┏━━

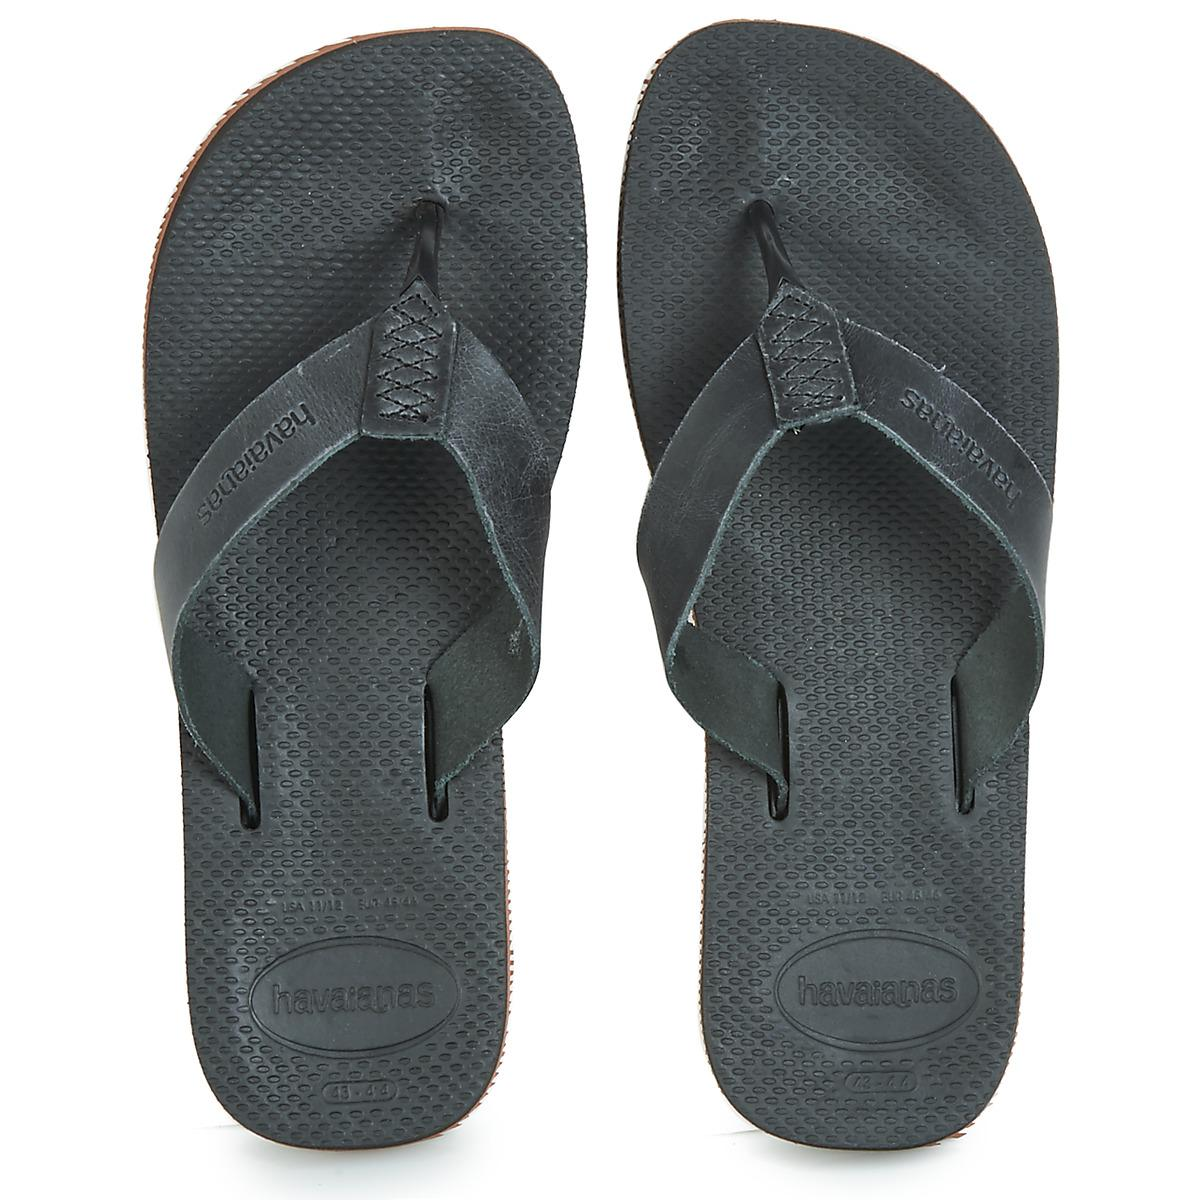 7f3146adc Havaianas Urban Special Men s Flip Flops   Sandals (shoes) In Black in  Black for Men - Lyst
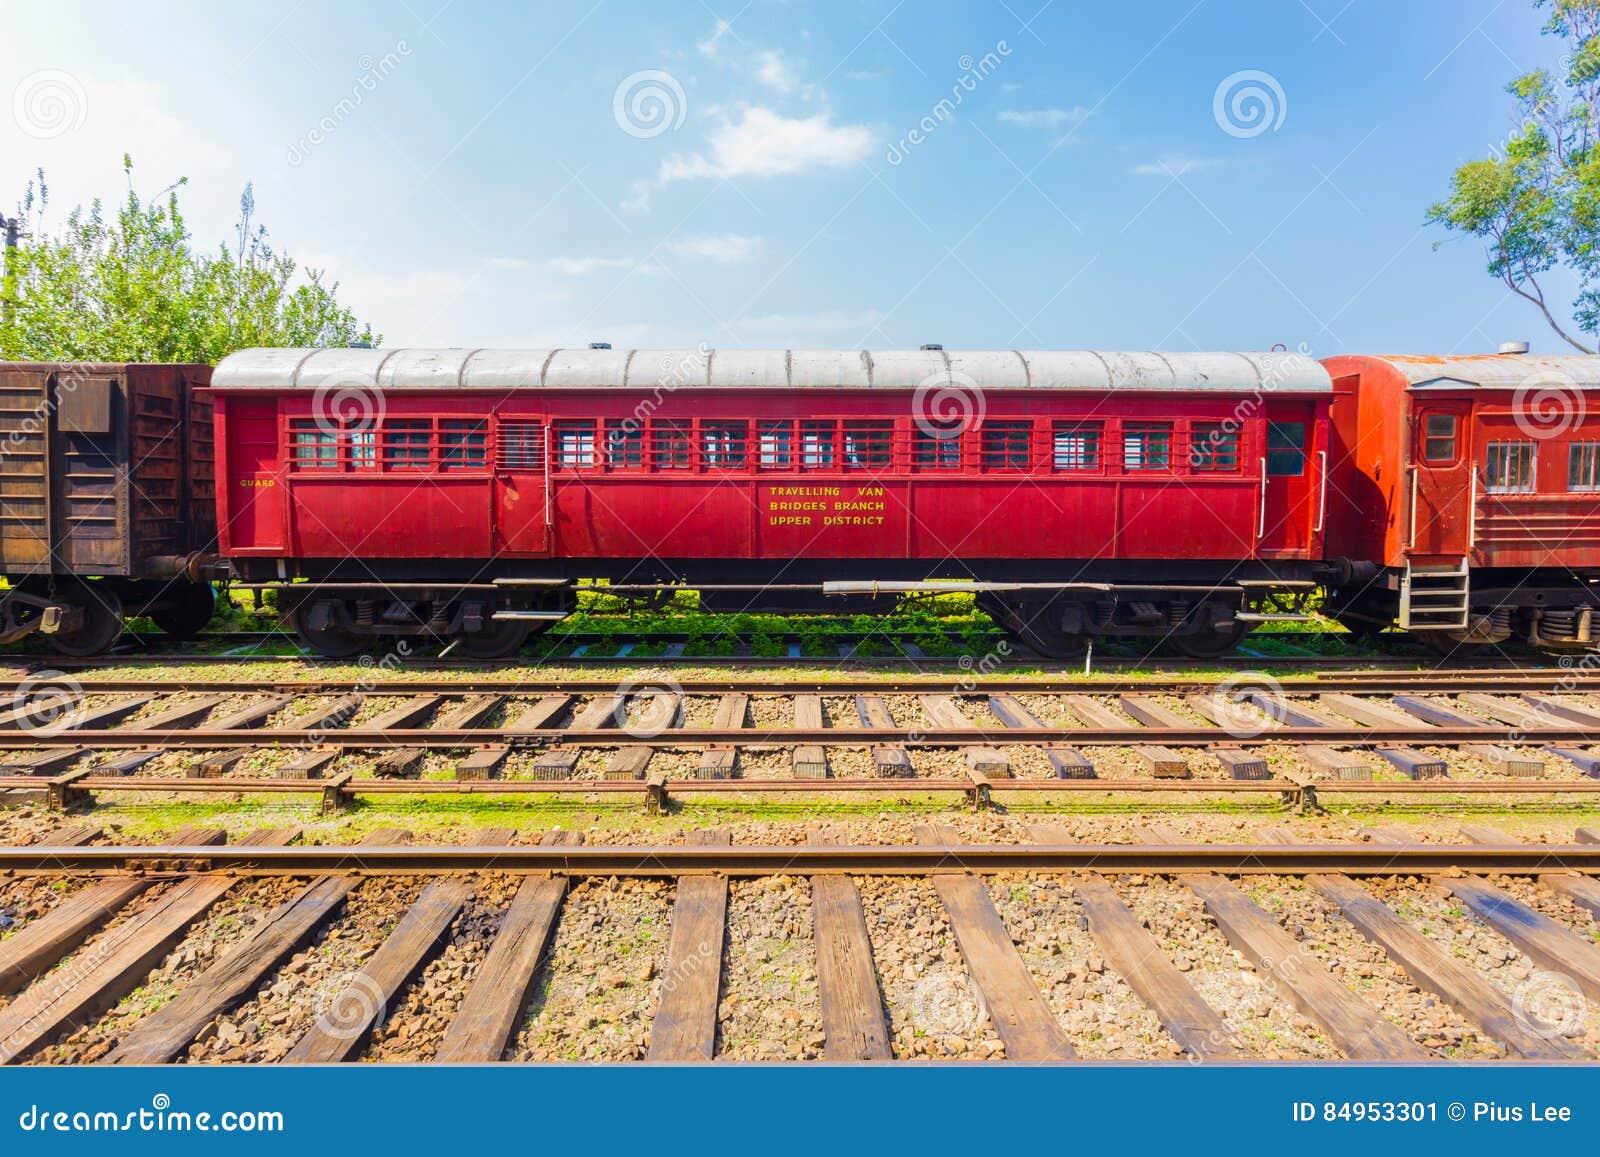 Train Track Passenger Carriage Sri Lanka Railway H
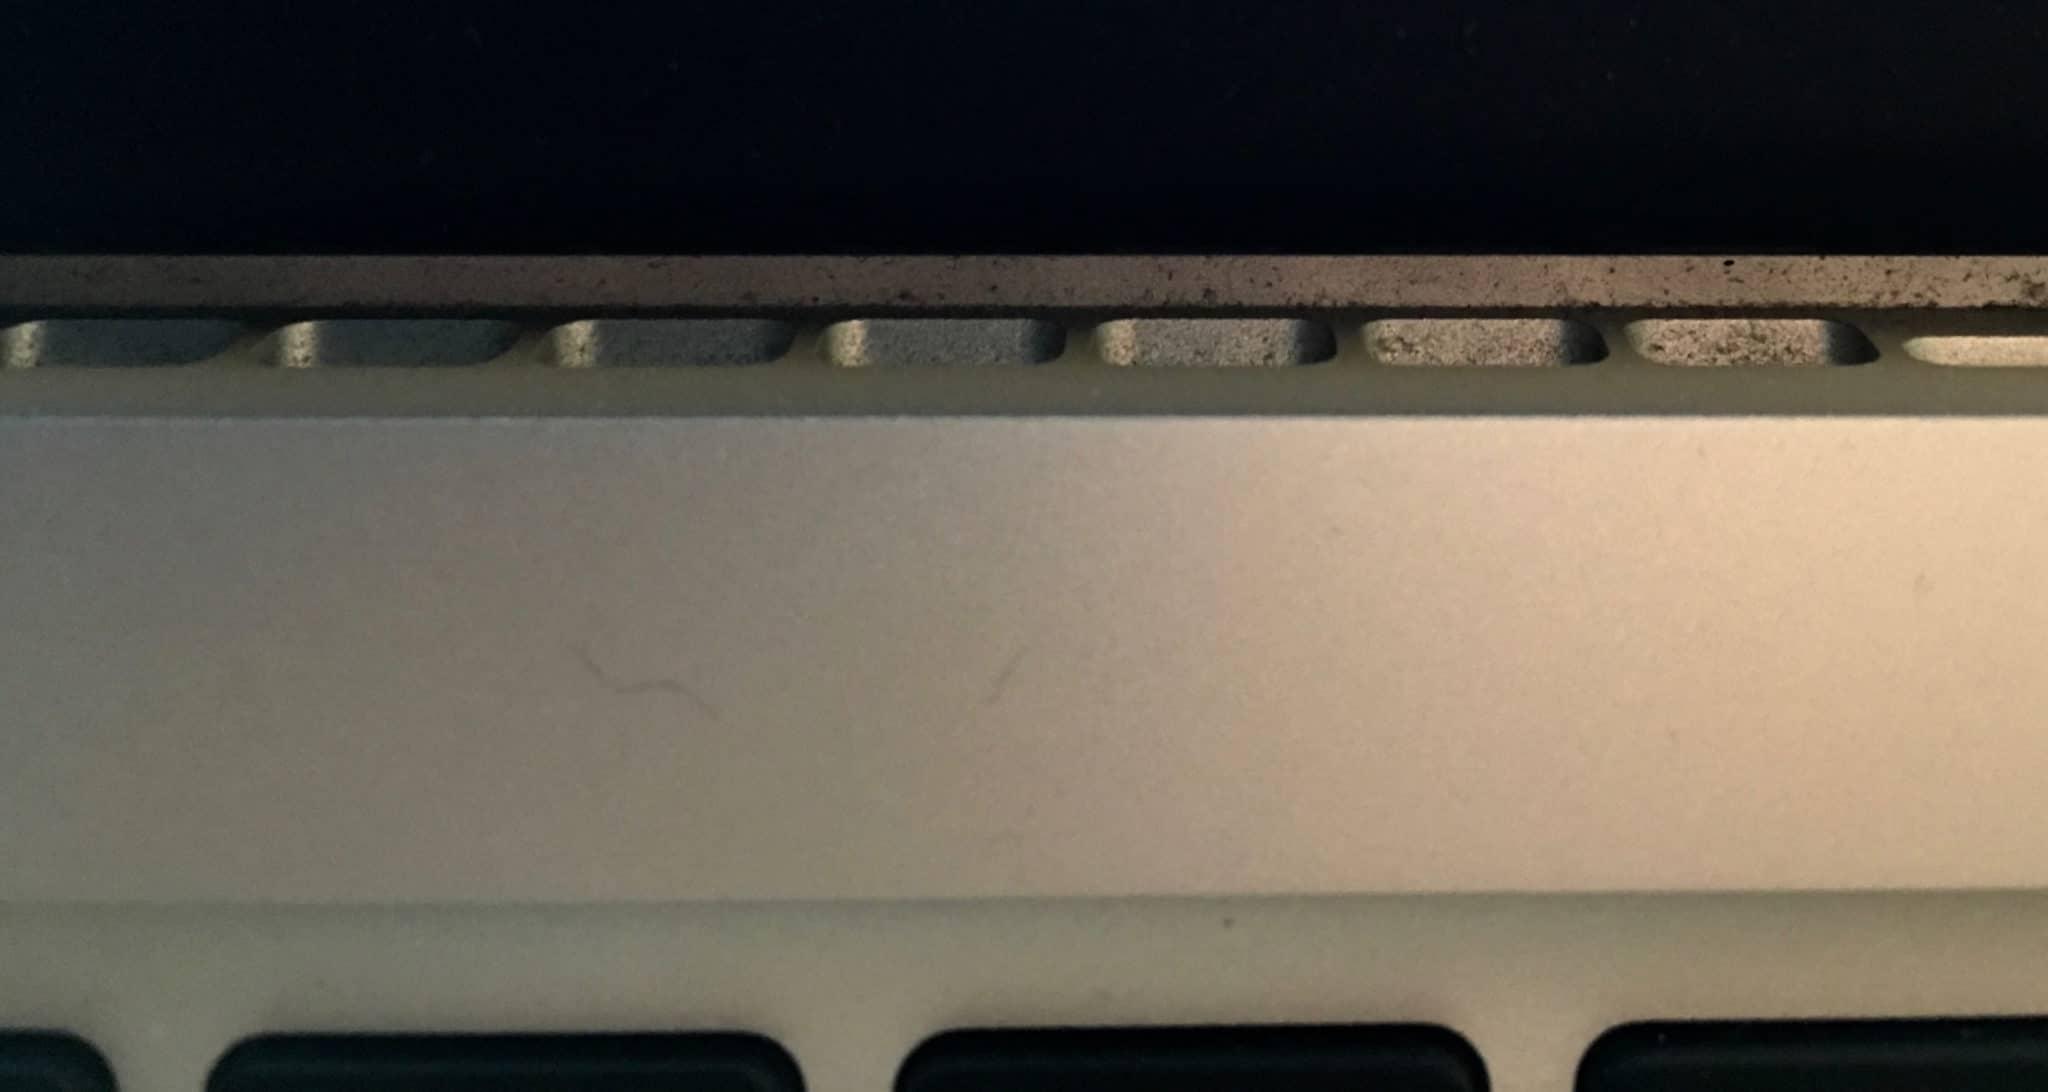 macbook pro vent

┗━━

TASK DESCRIPTION: Copy the material above word for word, images excluded.

ANSWER FOR THIS EXERCISE:
 7f3146adc Havaianas Urban Special Men s Flip Flops   Sandals (shoes) In Black in  Black for Men - Lyst
 Train Track Passenger Carriage Sri Lanka Railway H
 macbook pro vent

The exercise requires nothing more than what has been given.